The commonly used treatment for BL is similar to that for other forms of lymphoma, and it mainly includes chemotherapy, radiotherapy, combined chemoradiotherapy, and resection of the tumor to relieve the local symptoms [1, 2]. Dunleavy and colleagues [16] reported that less toxic chemotherapy regimens (etoposide, doxorubicin, vincristine, cyclophosphamide, prednisone, and rituximab, DA-EPOCH-R), used at higher intensities than standard chemotherapy regimen of cyclophosphamide, doxorubicin, vincristine, and prednisone (CHOP), achieved higher response rates and overall survival in PLWH. The negative biopsy result reinforced our suspicion of prostate cancer, so we performed radical resection. It is generally recognized that the prognosis of BL is relatively poor [2]. Galicier [17] conducted a study on 63 PLWH with advanced disease who were treated with the LMB 86 regimen (escalated cyclophosphamide, doxorubicin, vincristine, and prednisolone and consolidation with cytarabine and etoposide), and found that the complete response rate was 70%, whereas 2-year overall survival was 47%. Rituximab has a vital role in BL treatment. Previous studies have shown that 10–30% dose adjustments may be necessary for CHOP-like chemotherapy regimens in patients with renal dysfunction and dialysis [18]. Inotuzumab ozogamicin and Brentuximab vedotin have potential as future treatment approaches. The emergence of immune checkpoint inhibitors may lead to better overall response rates, and using pembrolizumab in combination with R-CHOP therapy shows great potential. [19] Due to missed diagnosis, the present case progressed, missing the optimal treatment opportunity, and survived for less than four months.

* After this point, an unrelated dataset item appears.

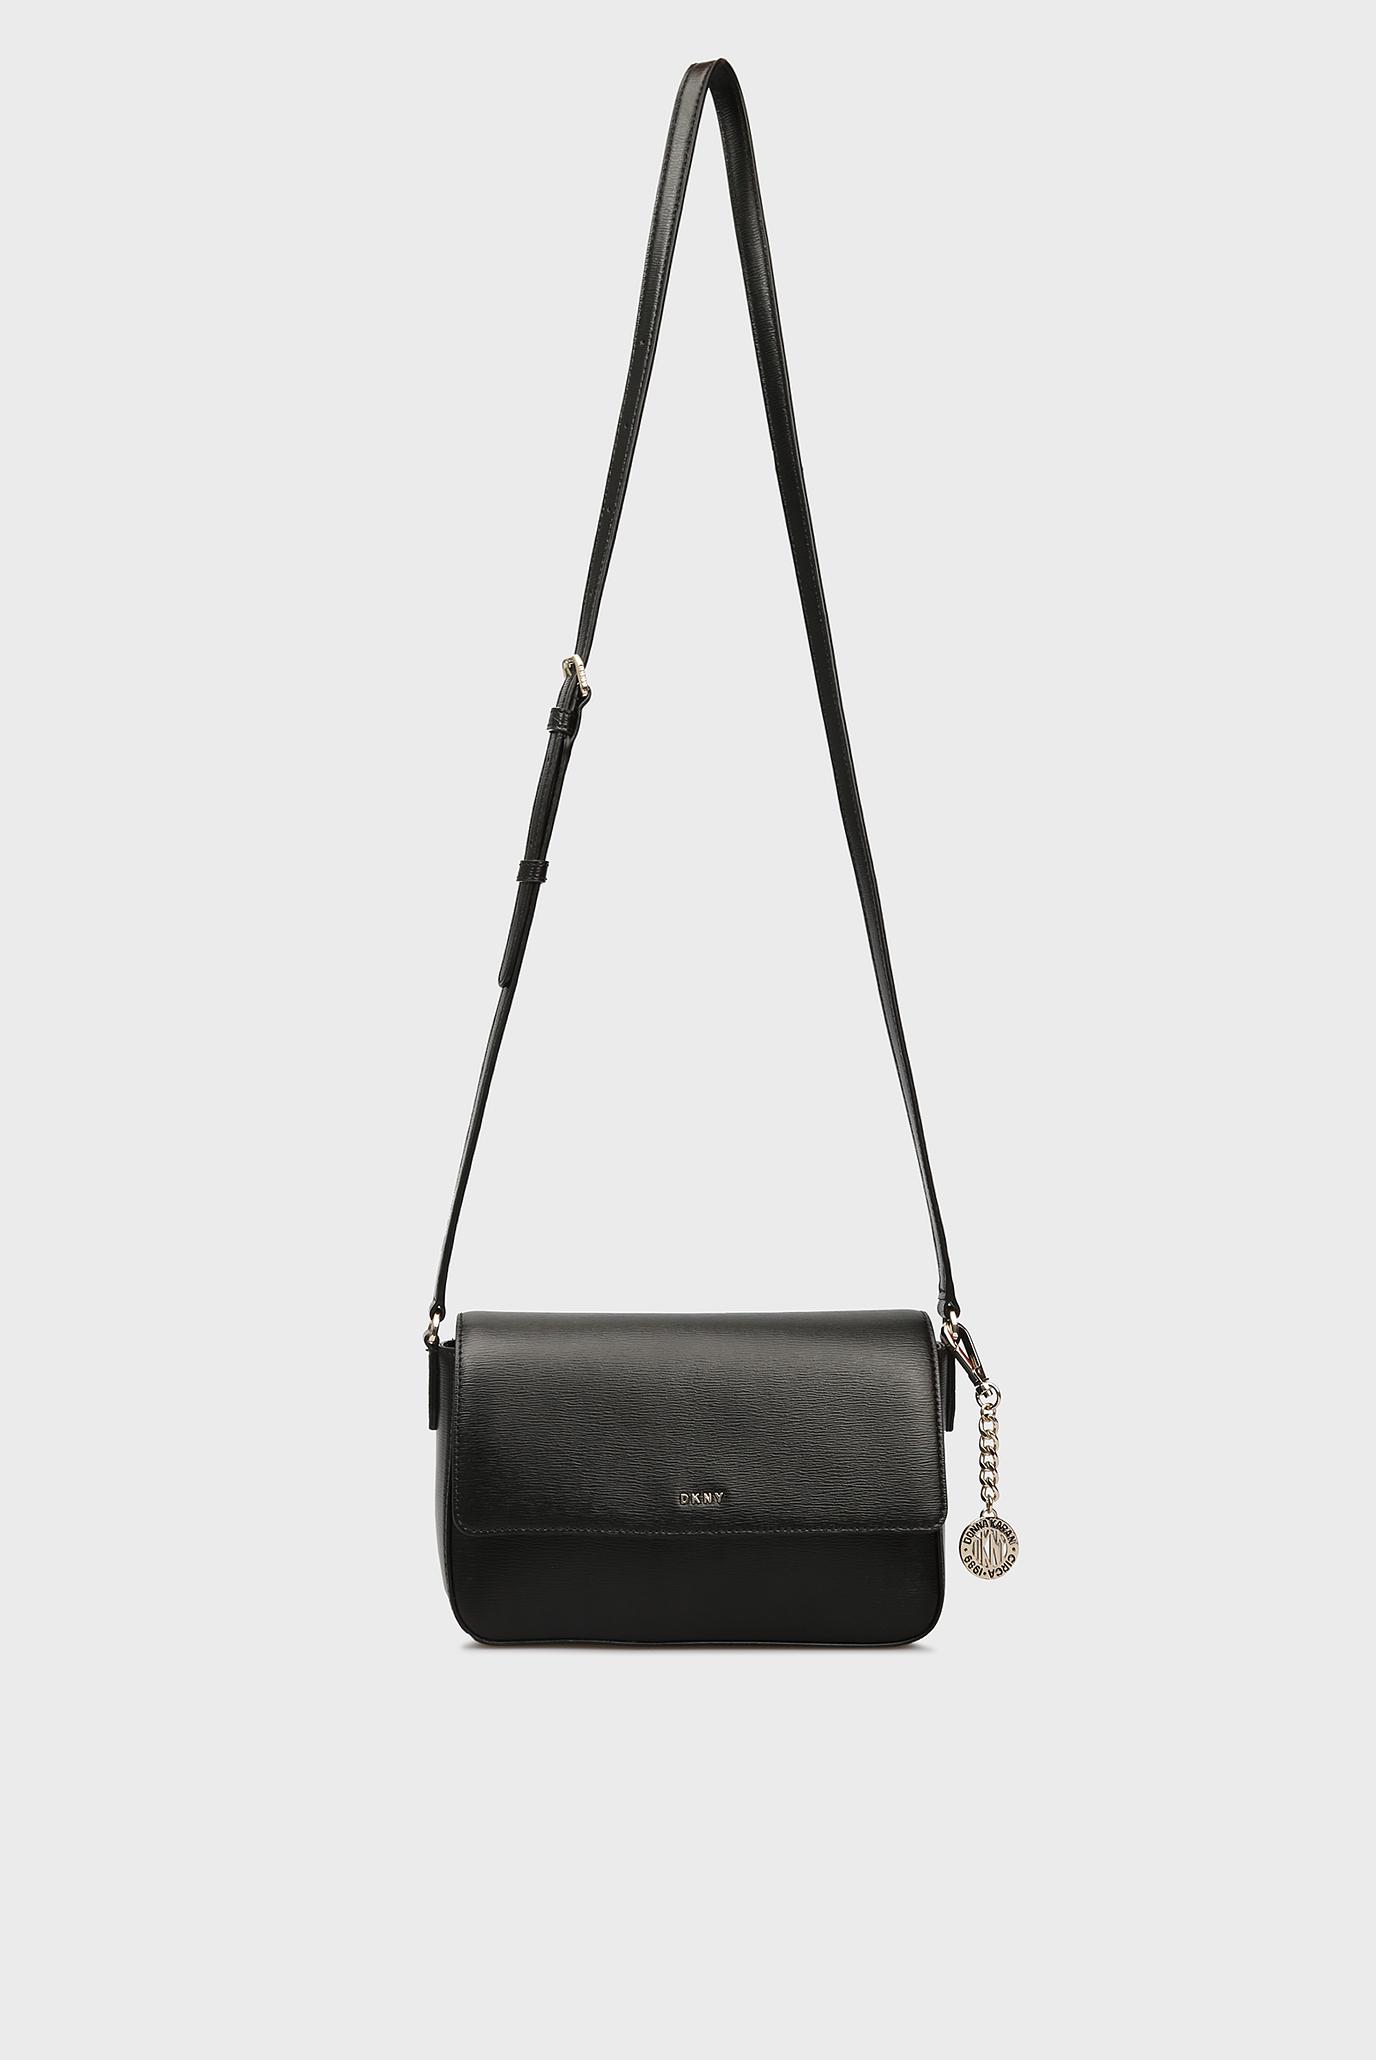 12ccdb7b28c2 Купить Женская черная сумка через плечо BRYANT-MD DKNY DKNY R82E3467 – Киев,  Украина. Цены в интернет ...

The diagnostic and treatment process of this case was not ideal. Firstly, the preliminary diagnosis did not match the expected final pathology, which resulted in a lack of confidence in the clinical diagnosis and treatment process. Our clinical diagnostic and treatment strategies were insufficient, and the patient’s demands and economic ability significantly impacted the diagnostic and treatment processes. We need to learn from this experience and improve future diagnoses and treatments; Secondly, there were some mistakes in the diagnosis and treatment processes. HIV combined with BL in the seminal vesicle is rare condition, and there is a close relationship between seminal vesicle tumors and prostate tumors, which can be easily misdiagnosed. We hope this case can increase clinical physicians’ awareness and provide inspiration for diagnosing rare location tumors in the HIV population. Reported diagnostic and treatment strategies could benefit patients with similar conditions. This report will hopefully serve as cautionary advice to doctors, especially urologists, to change their approach and broaden the thinking model in the clinical diagnosis and treatment process.